# What Makes Your Rats Boggle?



## Grotesque (Mar 19, 2014)

When I am sitting at the computer with a blanket over my legs, I let my Cheerio sit in the blanket dip between my legs. She'll curl right up and wait for the tickling to start! I'll start rubbing her face and tickling her tummy and her eyes start going crazy! ;D









I'm just curious about what gets your rats into a boggling frenzy.


----------



## MissSix (Jul 8, 2014)

Gustav used to get boggling pretty much anytime he got to come along for a walk and get attention from strangers. It would freak people out, and I would have to explain to them that it just means he's enjoying himself. 

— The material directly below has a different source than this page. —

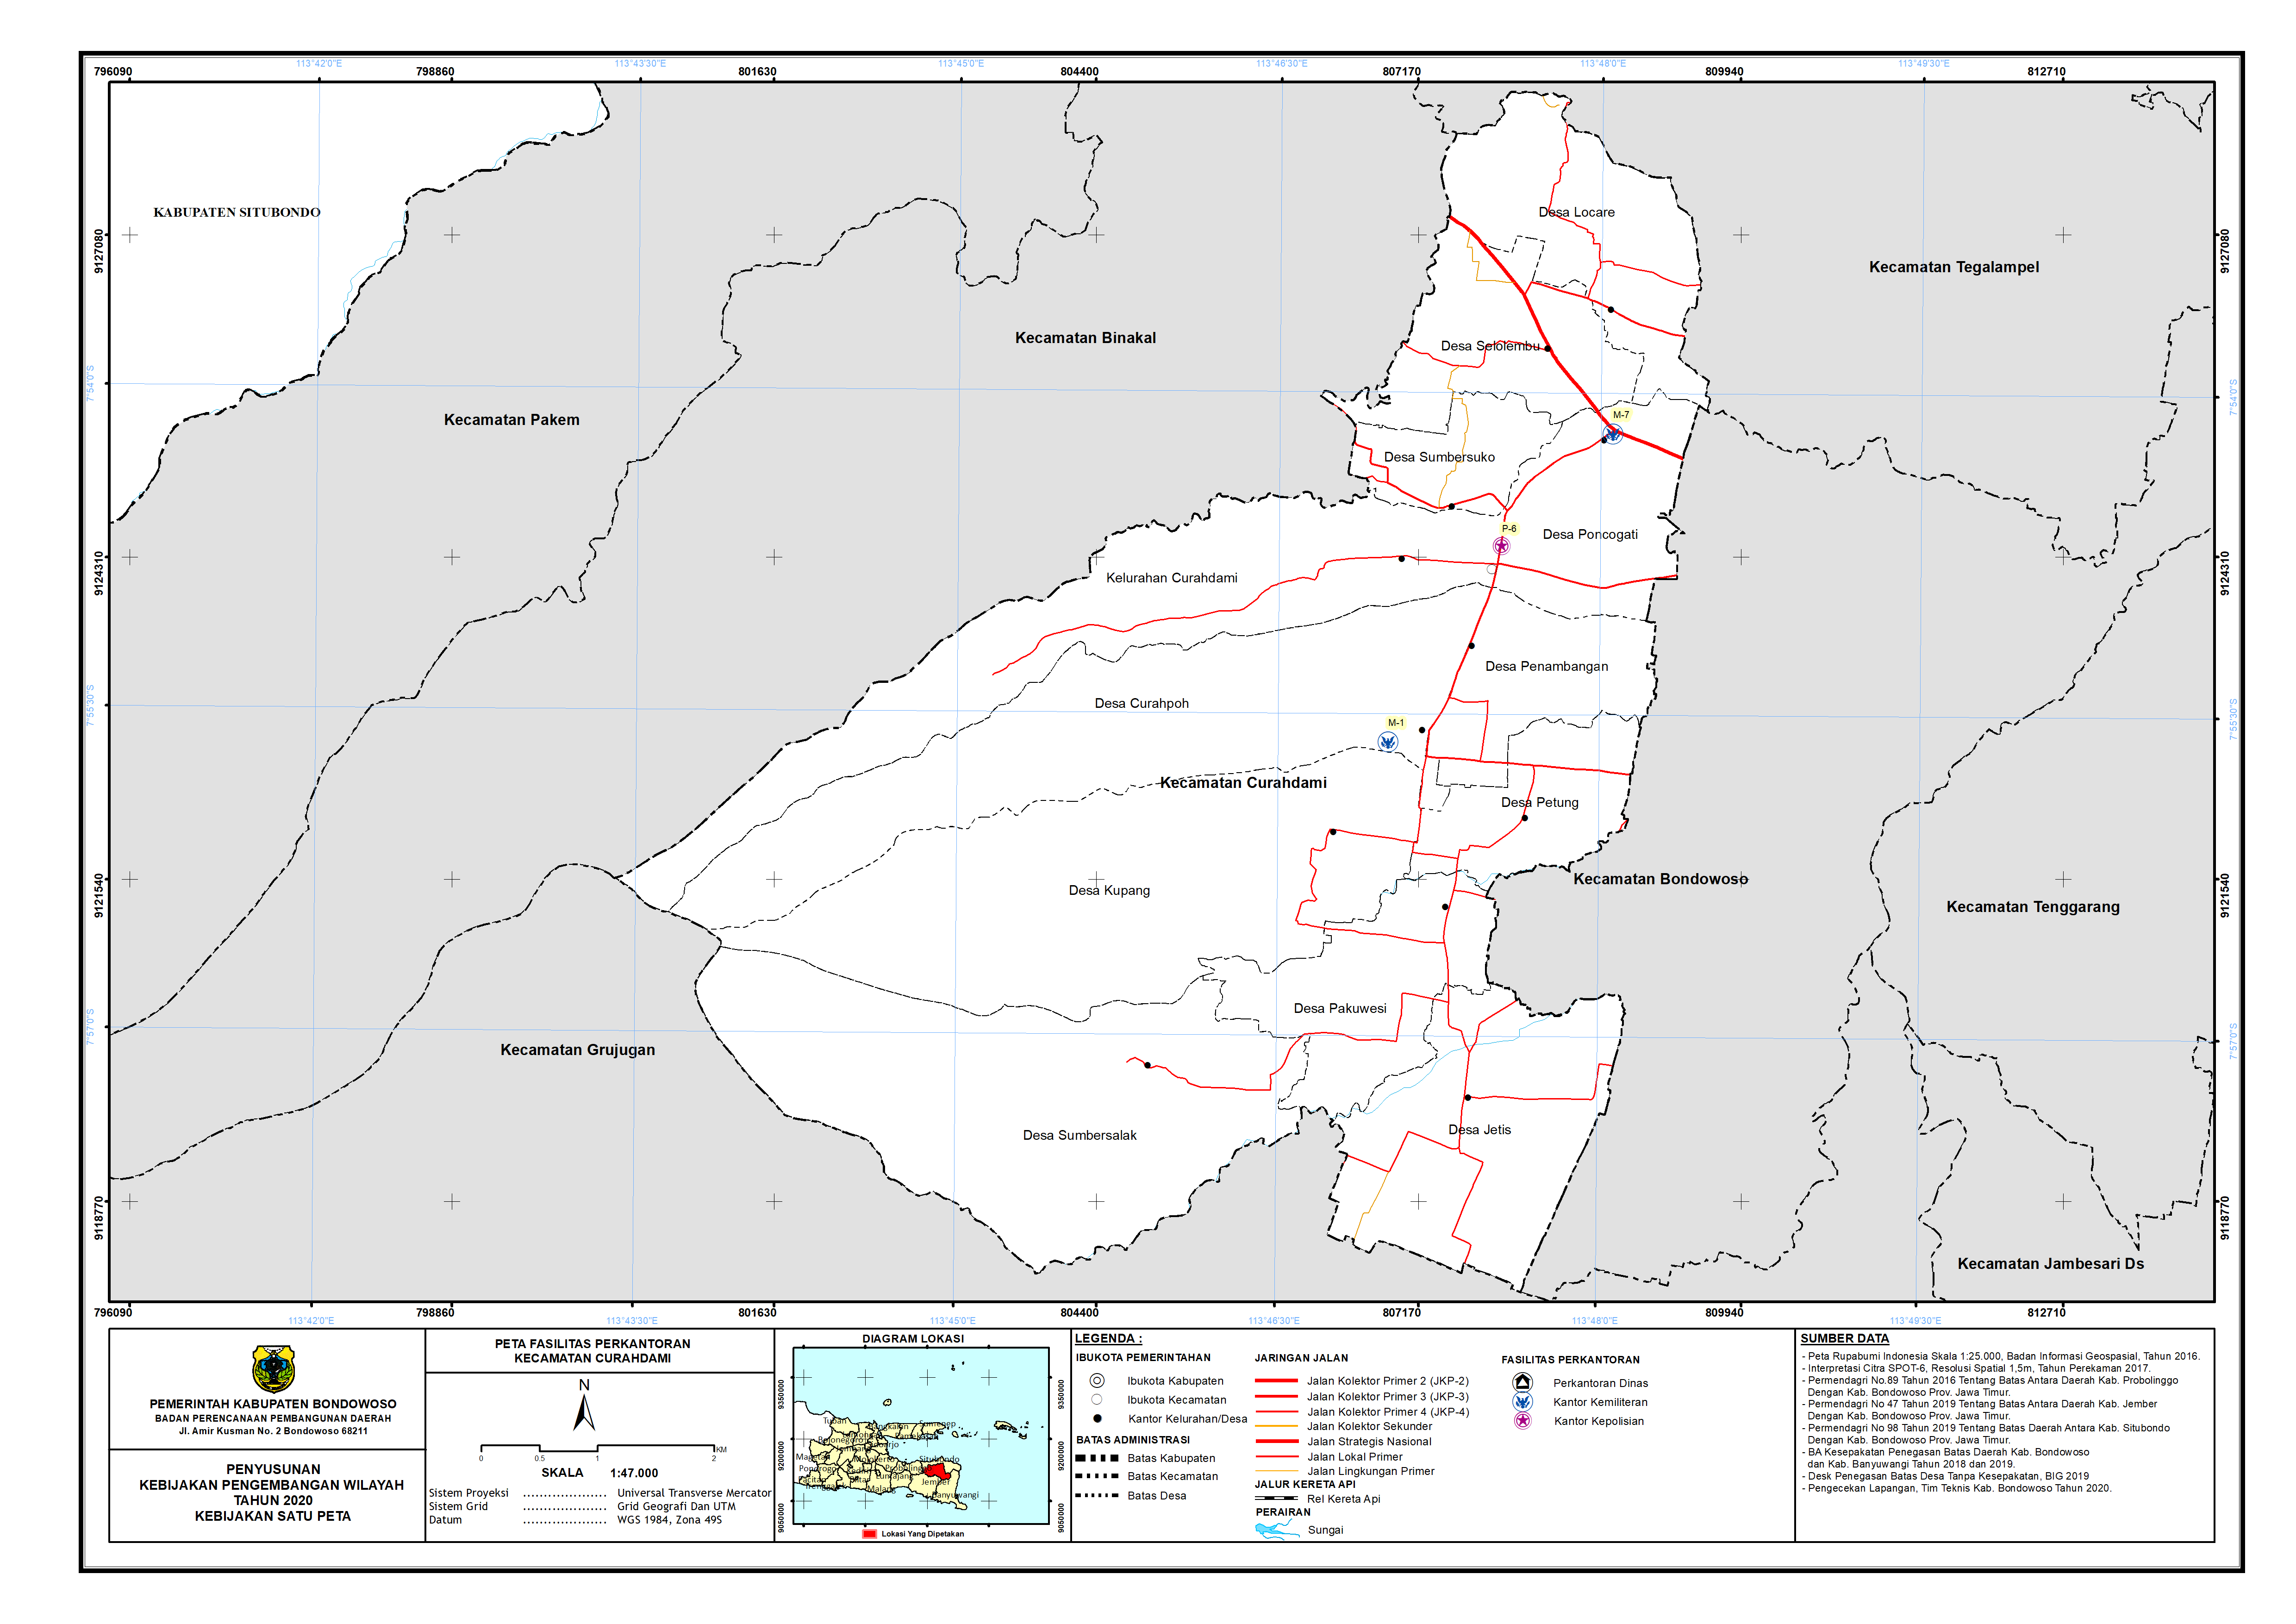 Peta Persebaran Perkantoran Kecamatan Curahdami.png

Beadle does not boggle as much, usually just when we are snuggled up close together on the bed watching a movie together.


----------



## cirice (Nov 15, 2015)

One of my girls, Artemis, boggles almost any time you pet her. Also, since my rat cage is against the wall next to my bed, and right in front of my computer, if I'm sitting at my computer she'll sit in the corner of the cage closest to the computer desk. If I stick my fingers through the bars, she'll lick them and start boggling.


----------



## MinorRobot (Aug 13, 2014)

I have never seen any of my rats boggle. Maybe it's not a roof rat thing??
I'd read about it, of course, but the first time I saw a video of it I was pretty taken aback! Like I was not prepared for that lol. I could see how people might be freaked out by it if they didn't know.


----------



## pbyeerts (Nov 17, 2015)

I remember reading that not every rat does it.....


----------



## Tiwohunter (Nov 16, 2015)

Shinji does it if I'm giving him loves or when he is happy to see me. He is truly a happy go lucky chap and is very affectionate. I have never seen Sousuke boggle but he and I are still working on trusting each other so maybe one day?


----------